They seem to start at 17" though? I've decided on t1r's personally. DOn't care if they don't last as long, they're half the price of the continental eco contacts smart decide my car should wear (it's that or some rubbish khumo's in the standard size, so I'm having to buy new rear wheels which are wider for the front and up the tyre size all round to get cheaper, better tyres.


----------



## Dipesh (Oct 12, 2007)

maggi112 said:


> They seem to start at 17" though? I've decided on t1r's personally. DOn't care if they don't last as long, they're half the price of the continental eco contacts smart decide my car should wear (it's that or some rubbish khumo's in the standard size, so I'm having to buy new rear wheels which are wider for the front and up the tyre size all round to get cheaper, better tyres.
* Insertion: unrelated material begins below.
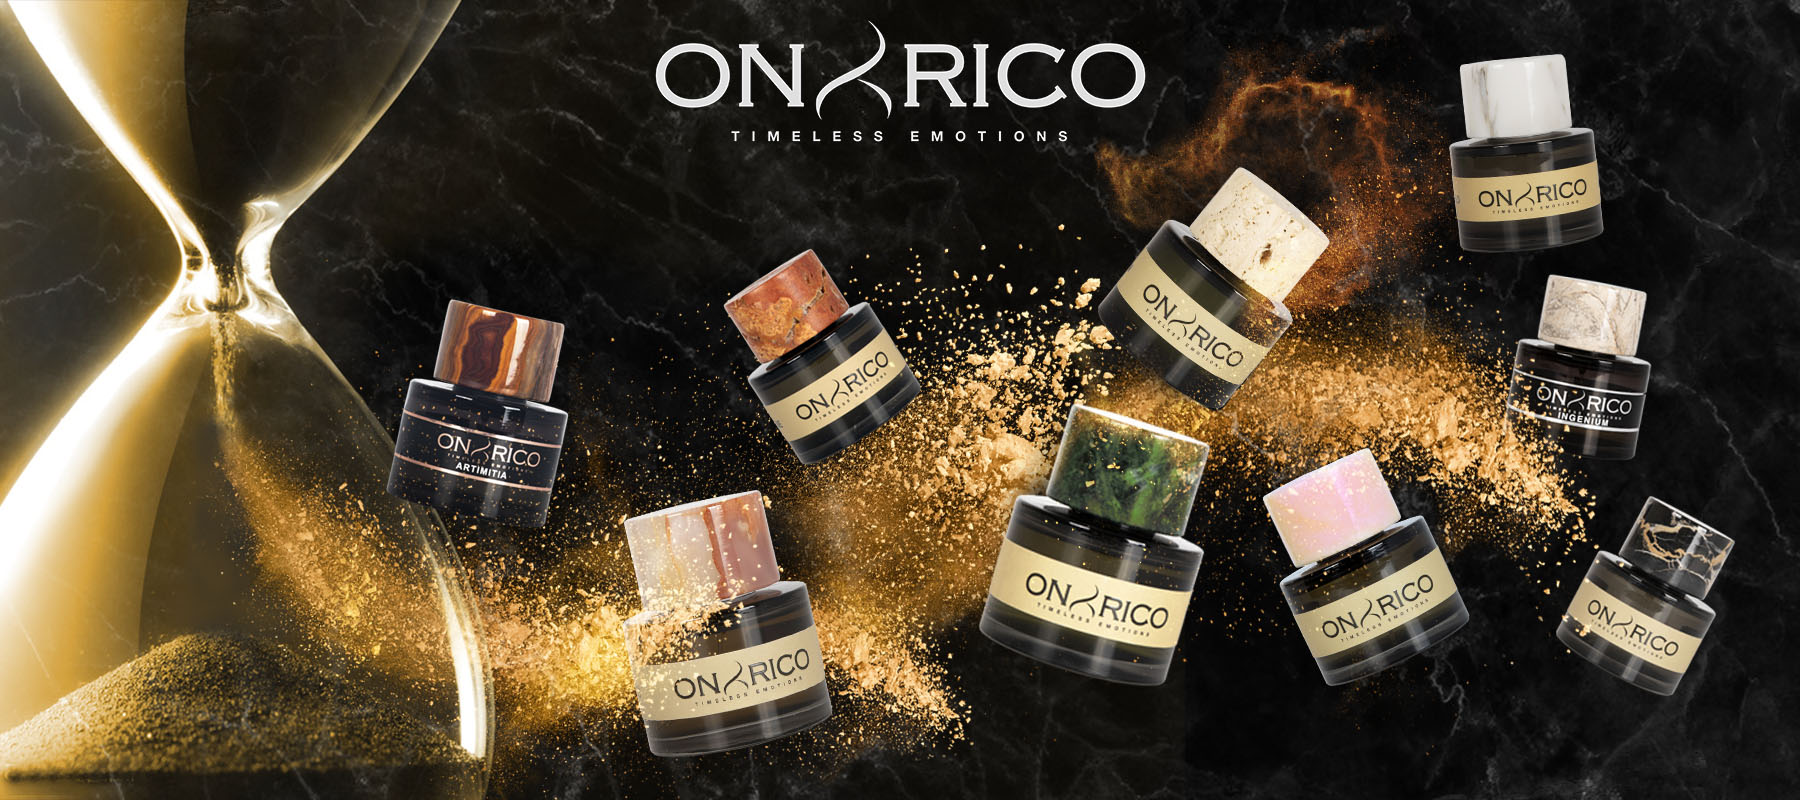 onyrico perfume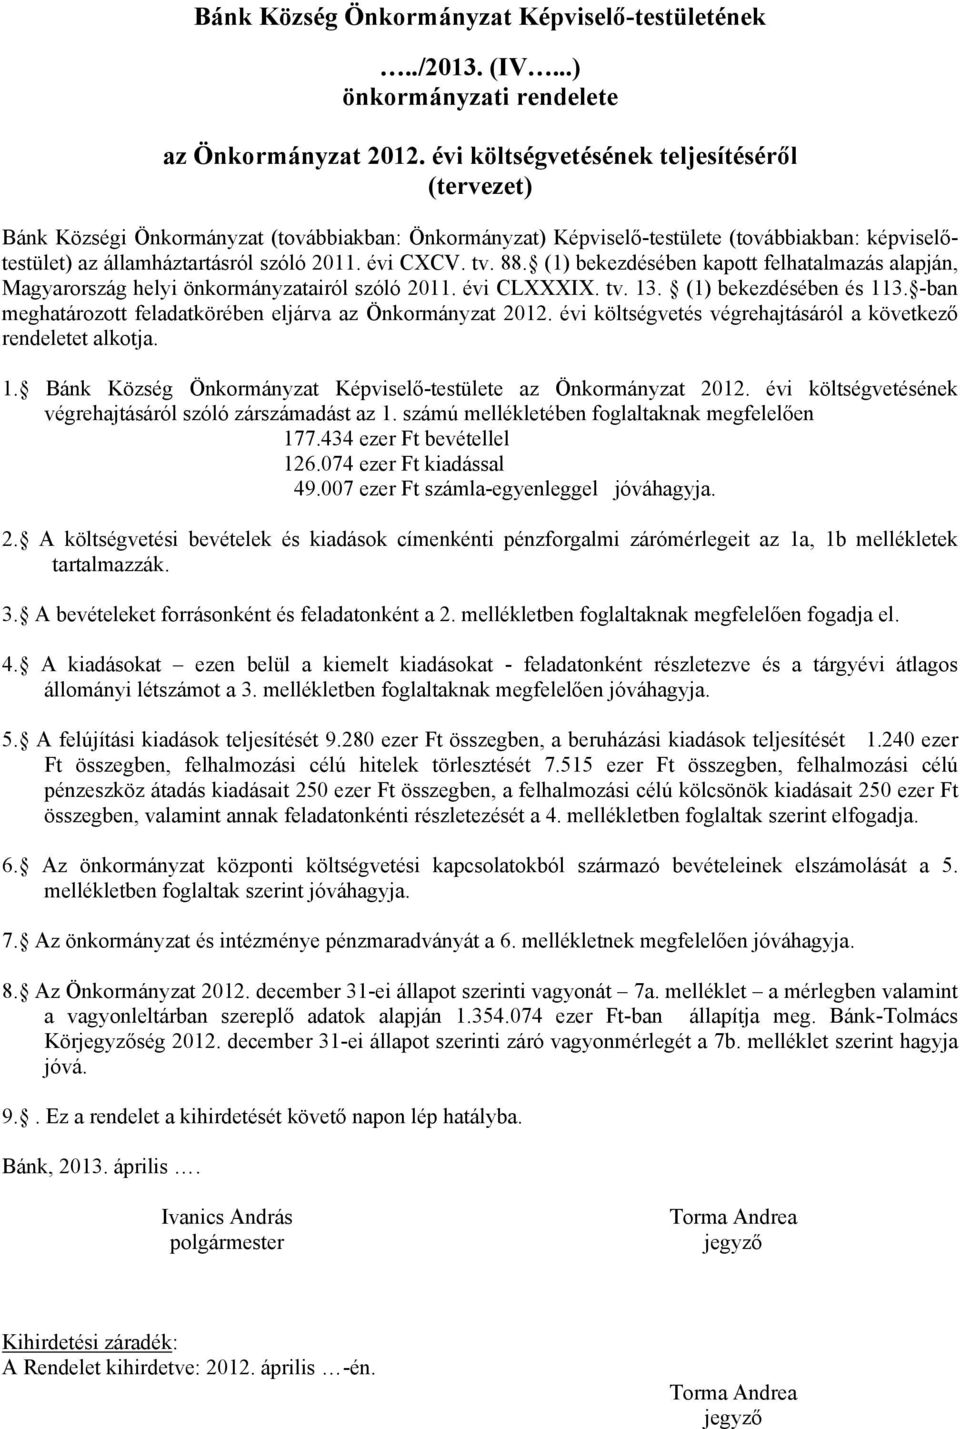 tv. 88. (1) bekezdésében kapott felhatalmazás alapján, Magyarország helyi önkormányzatairól szóló 2011. évi CLXXXIX. tv. 13. (1) bekezdésében és 113.

I didn't know that Mags, sorry!


----------



## MidlandsCarCare (Feb 18, 2006)

T1R's are massively overrated.

Have you looked at Hankook V12 Evo's?


----------



## Maggi200 (Aug 21, 2009)

RussZS said:


> T1R's are massively overrated.
> 
> Have you looked at Hankook V12 Evo's?


Are they particularly good value then?

I just don't wanna have what happened to me last time... flat tyre late on a sunday during a bank holiday weekend. Only one place open, fitted a new continental eco contact for me, I tried to get the car recovered by the smart assist but that meant leaving my car until the thursday so I had to pay whatever the garage told me. Even after arguing I walked away just over £100 poorer! I want something in a more common tyre size with more options and toyo's seem faily common so I decided it wouldn't happen again. I can get the toyo's for near £30 each plus delivery and fitting compared to the £75 for the continentals.


----------



## MidlandsCarCare (Feb 18, 2006)

They are for me, without a doubt, the best value tyre out there at the moment. In Germany, they cost as much as the big brands, but for some reason, here, they are nearly half the price. Take my car for example - OEM tyre is Michelin Pilot Sport (3's now, as 2's have been discontinued). They are £200 per corner. The Hankook's are as good, will last 15k and only cost £110 per corner.

A couple of my friends have them on their cars and have done numerous trackdays in them, and have been nothing short of impressed. They are the 'new T1R' - 6 years later!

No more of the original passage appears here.